И, обеспечив себя таким образом, батюшки строго исполняли заповеди Христа и нисколько не заботились о завтрашнем дне, были веселы, как птицы небесные, и украшены не только как лилии полей, но даже более, чем Соломон во всей славе его. Об этом остались очень яркие свидетельства того времени. Так, ещё на Стоглавом соборе отмечено было, что «многие стригутся покоя ради телесного, чтобы всегда бражничать и по сёлам ездити прохлады для», а пламенный, так жадно тянувшийся к правде Максим Грек горевал, что монах «часто пиан, весь червлён и безчинно слоняяся и прегордая вещавает». Монахи, по его словам, заботятся только о том, чтобы украсить себя «пёстрыми и мягкими шелковыми тканями, златом же и серебром и бисеры добрыми». «Чернец тщится богатства ради да получит некие земные славицы», а получив эти славицы, думает, что «над законом владети поставлен есть... гордится, беззаконствует, люте гневается, мучит, связует, мзды емлет, блудно питается, вся его мудрование злато есть, и много мятежное ему попечение, како угодити властей. Язык же его разрешён священных уз молчания вся с яростью вещает и досажением, ниже рука его безмолвствует, но на высоту жезл воздвигши, хребет мужа убогого ударити ярясь, к сим же погубив и душевную доброту». В бесчисленных вотчинах своих батюшки приберегали зерно на голодные годы, чтобы продать тогда его подороже, а крестьяне их «томились в житейских потребах, обильна сия им уготовляюще, во скудости и нищете всегда пребывали, ниже ржаного хлеба чиста ядуще, многажды и без соли от последния нищеты». Они морили крестьян «безпрестанно и всяческими роботами, внутри же и вне горчайше им житие соделающе, кроме щедрот и милости».
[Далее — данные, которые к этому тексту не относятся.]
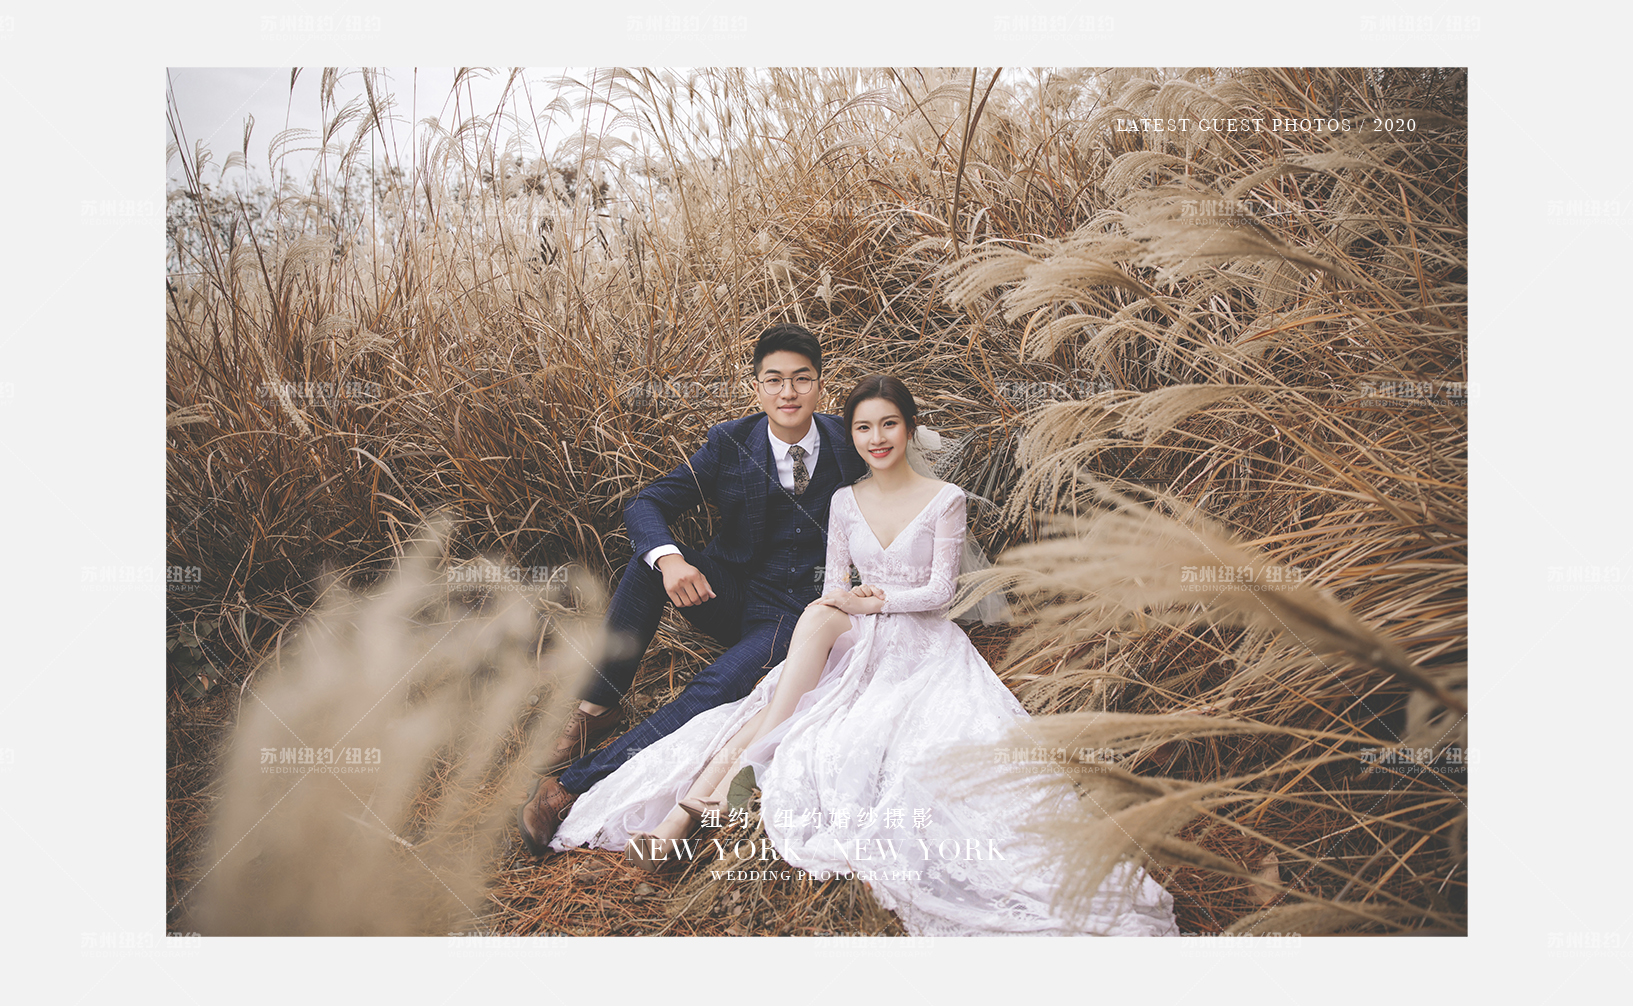 Mr.叶 & Ms.梁(纽约纽约最新客照)婚纱摄影照
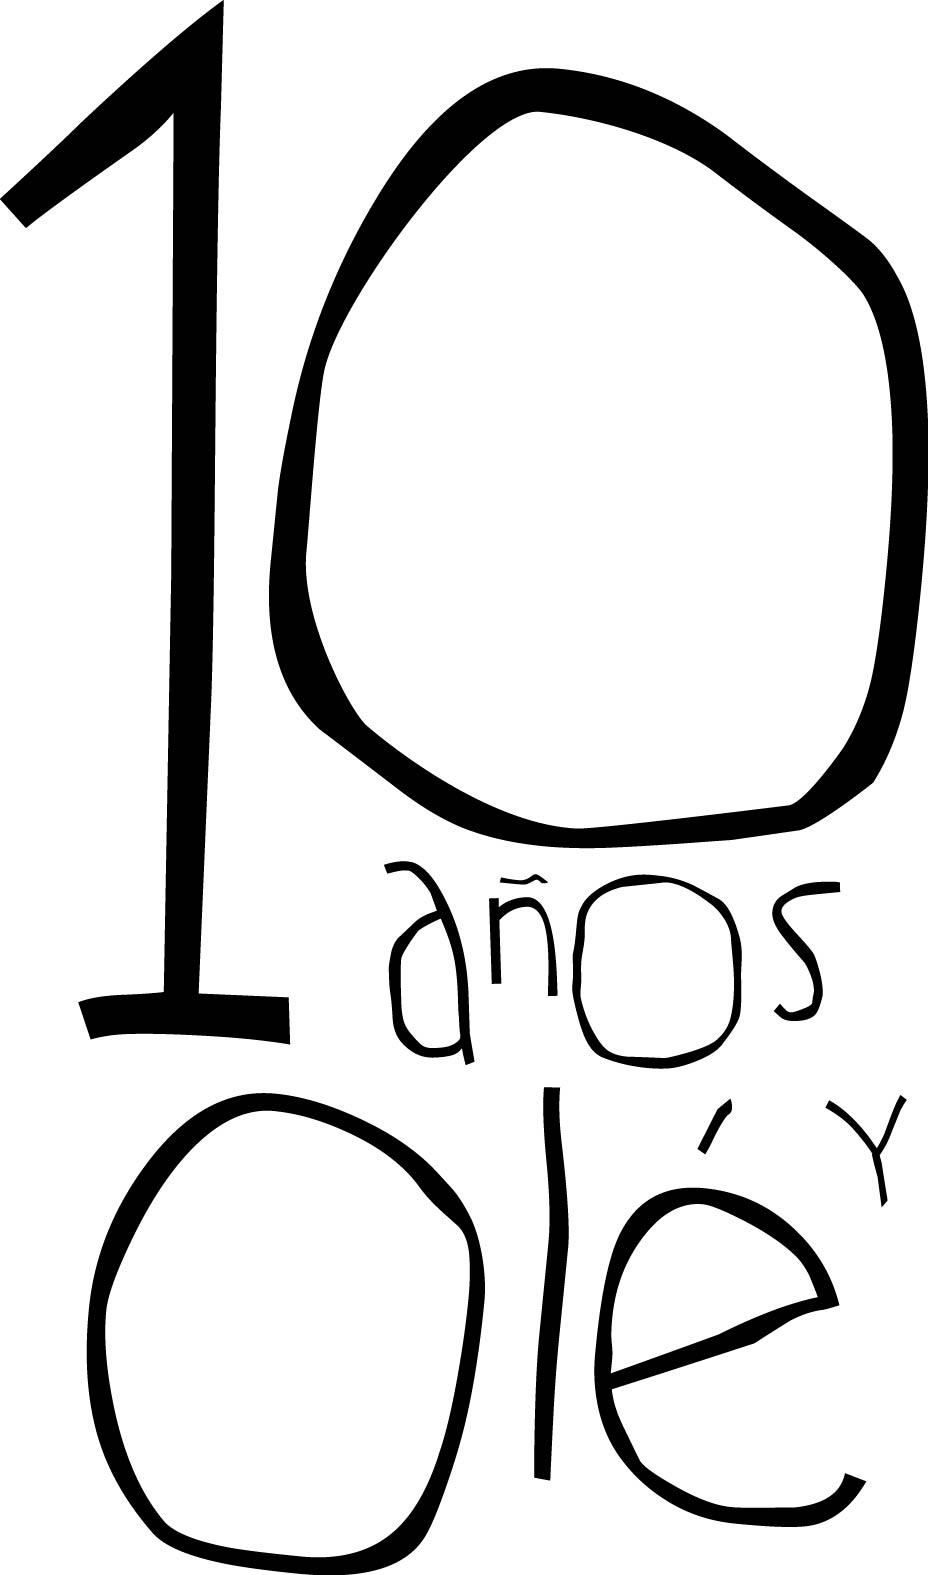 Logo 10 aniversario Negro.jpg

А иерархи в это время, святители, хвалили Бога «пения красногласными, шумом доброгласным светло-шумных колоколов, миры благоуханными, иконы велелепне украшая златом и серебром и многоценными камении», а восхвалив всем этим шумом Создателя, «светло и обильно напивались во вся дни и пребывали в пианстве и всяческих играниях», но «сирот и вдовиц безщадно и безмилостиво расхищали». Те дары и вклады, которые назначались на нужды церкви и на бедных, они брали себе «в различна наслаждения душ и украшения ризное и светлопирование», в котором принимали участие и их богатые друзья и родственники, а «нищих и сирот мразом и гладом тающих и вне врат стоящих и горько плачющих своея скудости ради, прежде обложивши горькими лайбами, отгоняли кинувше кус хлеба гнилого». А когда светская власть обходилась очень уж круто с «сиротами государства московскаго», тогда батюшки выступали со своим «печалованием».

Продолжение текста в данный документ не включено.